TASK INSTRUCTIONS: Beginning at the line containing "ES tape Cloth", output every line to the end of the data below exactly as it appears.

GIVEN RECORDS:
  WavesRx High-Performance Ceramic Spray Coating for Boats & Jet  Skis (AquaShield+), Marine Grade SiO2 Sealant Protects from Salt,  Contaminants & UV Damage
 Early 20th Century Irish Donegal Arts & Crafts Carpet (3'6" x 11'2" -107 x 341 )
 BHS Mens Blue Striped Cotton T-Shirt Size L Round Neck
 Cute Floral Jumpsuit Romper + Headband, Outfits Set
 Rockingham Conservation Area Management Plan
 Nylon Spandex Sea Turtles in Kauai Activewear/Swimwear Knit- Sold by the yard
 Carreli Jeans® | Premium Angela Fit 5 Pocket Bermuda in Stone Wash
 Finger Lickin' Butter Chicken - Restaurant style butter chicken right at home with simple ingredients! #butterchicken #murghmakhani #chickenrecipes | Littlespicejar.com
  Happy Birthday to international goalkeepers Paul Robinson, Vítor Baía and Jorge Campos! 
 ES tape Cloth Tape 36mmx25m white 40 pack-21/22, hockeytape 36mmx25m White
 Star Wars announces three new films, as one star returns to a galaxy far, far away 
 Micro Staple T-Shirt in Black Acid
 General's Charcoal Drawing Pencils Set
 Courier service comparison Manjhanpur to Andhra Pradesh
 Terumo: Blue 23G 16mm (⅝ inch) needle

WRITTEN SOLUTION:
 ES tape Cloth Tape 36mmx25m white 40 pack-21/22, hockeytape 36mmx25m White
 Star Wars announces three new films, as one star returns to a galaxy far, far away 
 Micro Staple T-Shirt in Black Acid
 General's Charcoal Drawing Pencils Set
 Courier service comparison Manjhanpur to Andhra Pradesh
 Terumo: Blue 23G 16mm (⅝ inch) needle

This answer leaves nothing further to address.